Notes to Comparative Philosophy of Religion

1. Affinities between Panikkar and Halbfass on this matter are accentuated by Clooney 1997: 34.

2. The term “doxography” derives from doxographi, which was coined by Hermann Diels (1879) to denote authors of such texts, principally with reference to ancient Greek authors.

3. See also H. E. Root (1956: 7): “It could well be claimed that Hume’s two complementary works, The Natural History of Religion and the Dialogues Concerning Natural Religion, mark the beginning of what is now generally, if loosely referred to as the philosophy of religion.”

4. For alternative ways of categorizing different approaches to comparative philosophy of religion, see Cheetham 2008; Griffiths 2010.

5. Schopenhauer’s praise for the Latin translation of the Upaniṣads is accompanied by a dismissive attitude towards “Jewish superstition … and all philosophy that slavishly serves this” (1974: 397).

6. This threefold typology is not accepted universally.
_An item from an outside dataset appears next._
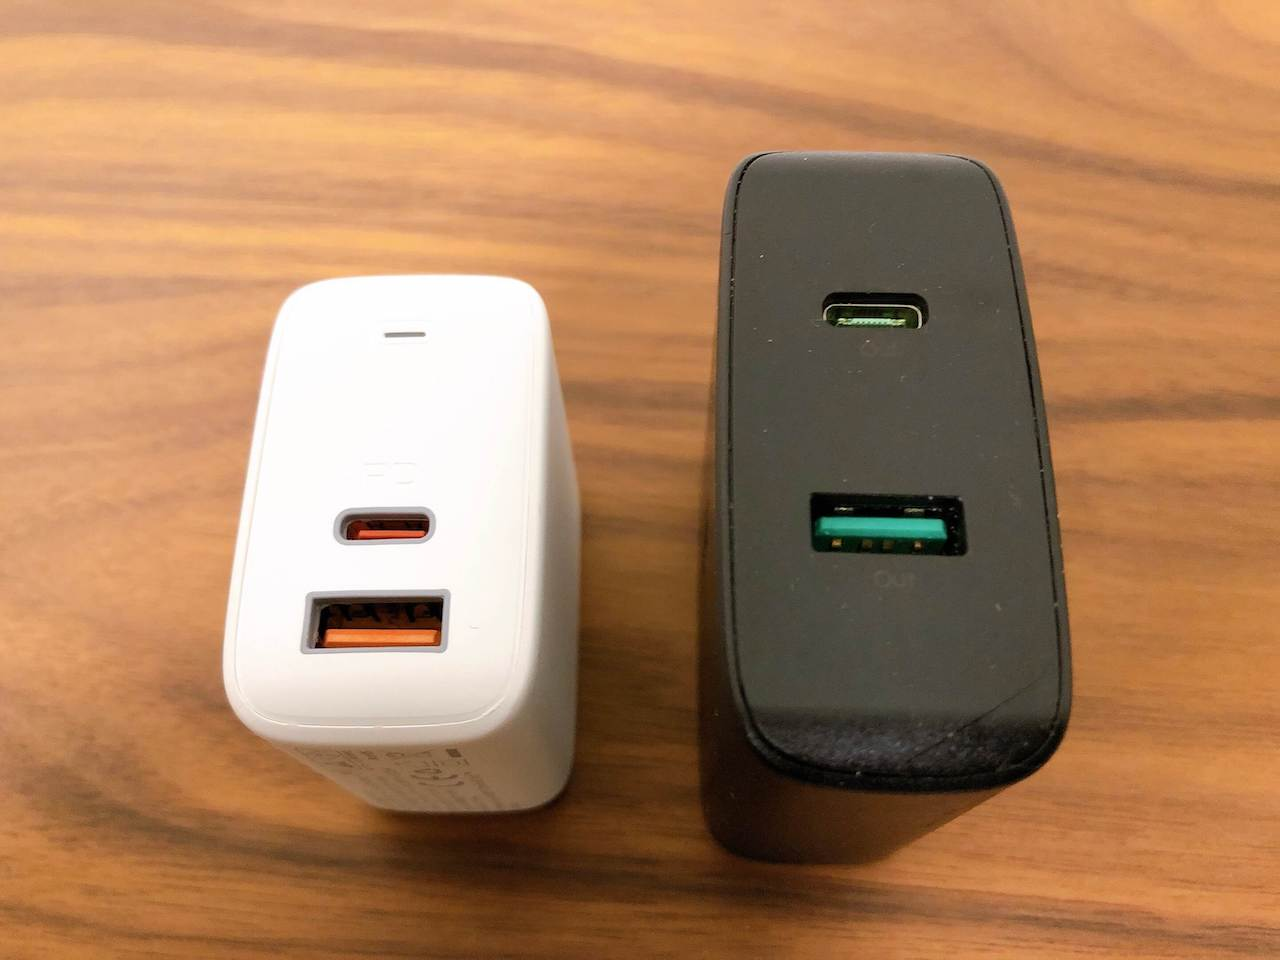 AukeyのUSB充電器「65W PA-B3」(白色)と「45W PA-Y10」(黒色)のUSBポート側を比較した写真です。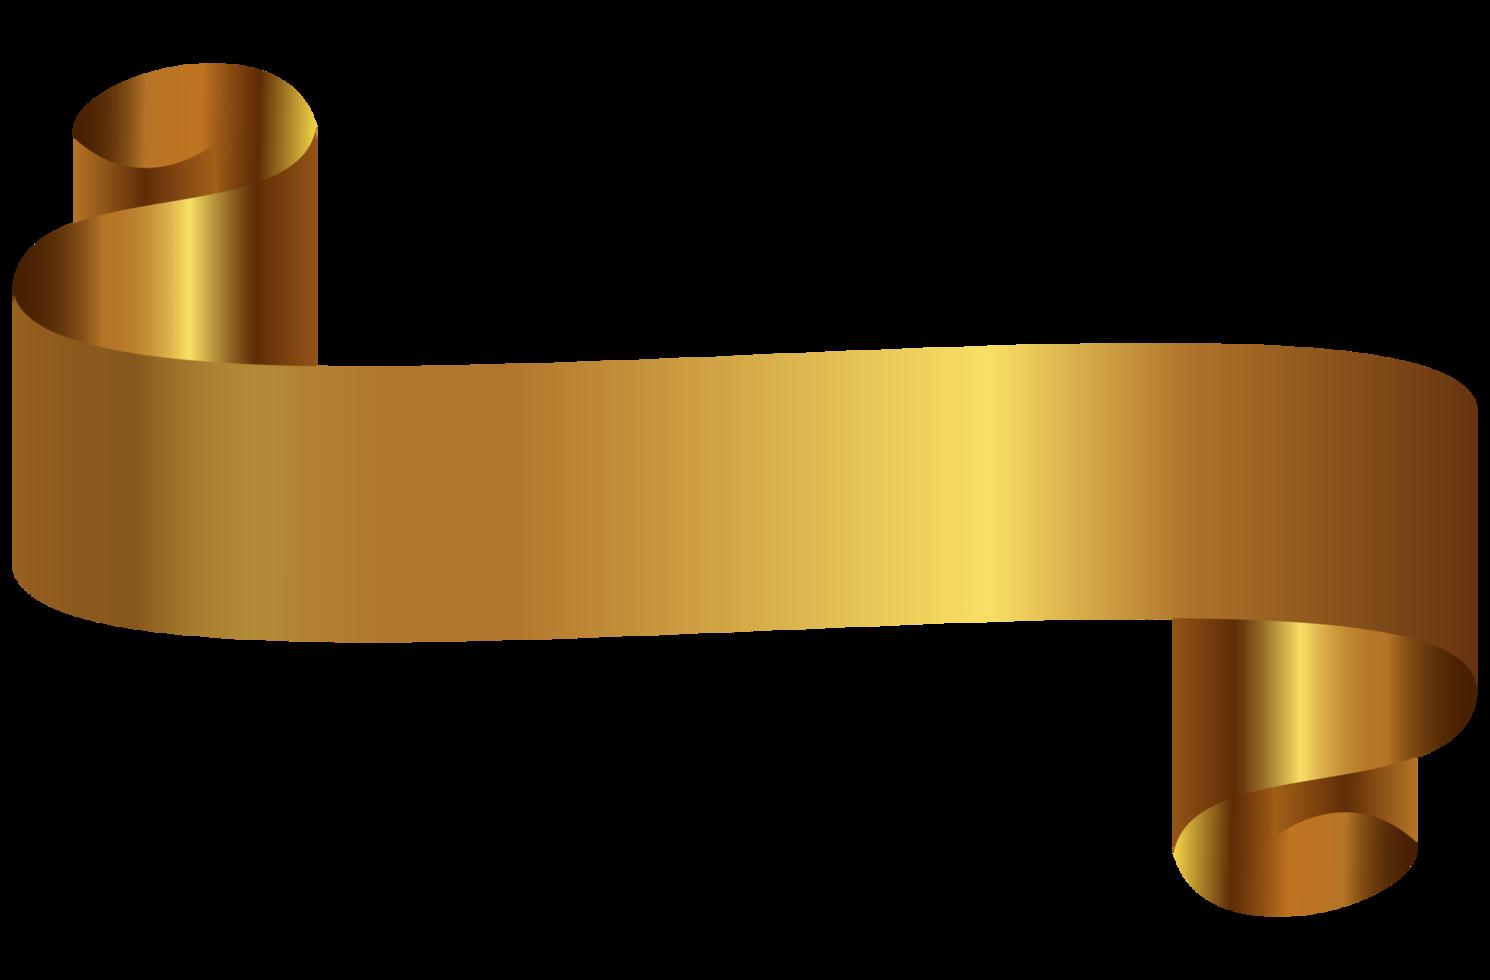 guld band png

For critical assessments, see several of the contributions to Harris, Hedges, and Hettiarachchi 2016.

7. For reservations about the “Axial Age” theory, see Tsonis (2012) and Hoyer and Reddish (2019).

8. For exposition of other perspectives on religious pluralism in addition to that of Hick, see the essays in Knitter 2005.

9. Accounts of dual- or multi-tradition approaches that lack the collaborative dimension envisaged by Nagasawa include what Chakrabarti and Weber (2016: 21–22) describe as the fourth of four “stages” of comparative philosophy; this involves “appropriating elements from all philosophical views and traditions one knows of” for the purpose of “solving hitherto unsolved problems.” For this fourth stage, Chakrabarti and Weber borrow Mark Siderits’s term “fusion philosophy” (compare Siderits 2015: 1–4).

10. For a critical appraisal of Harrison’s internalist pluralism, see Burley 2019.

11. For critical discussion of Burley’s approach, see Schilbrack et al. 2021.

12. The terms are transliterated here as nirvāṇa and ātman with the standard diacritical marks. These marks are omitted in Hick’s text.

13. Other publications dealing with conceptions of self, personal identity, and related themes in a comparative manner include Ganeri 2012; Kuznetsova et al. 2012; Siderits 2015.

14. Other comparative studies of Buddhism and Confucianism include Shuming (1989) and Cokelet (2016).

15. Hence phrases such as “reason and religion” or “reason and religious belief” feature prominently in the titles of many books on philosophy of religion (see, e.g., Cahn 2006; Peterson et al. 2012; Rescher 2013; Philipse 2022). No doubt the penchant for alliterative book titles also has a bearing on the prevalence of such titles.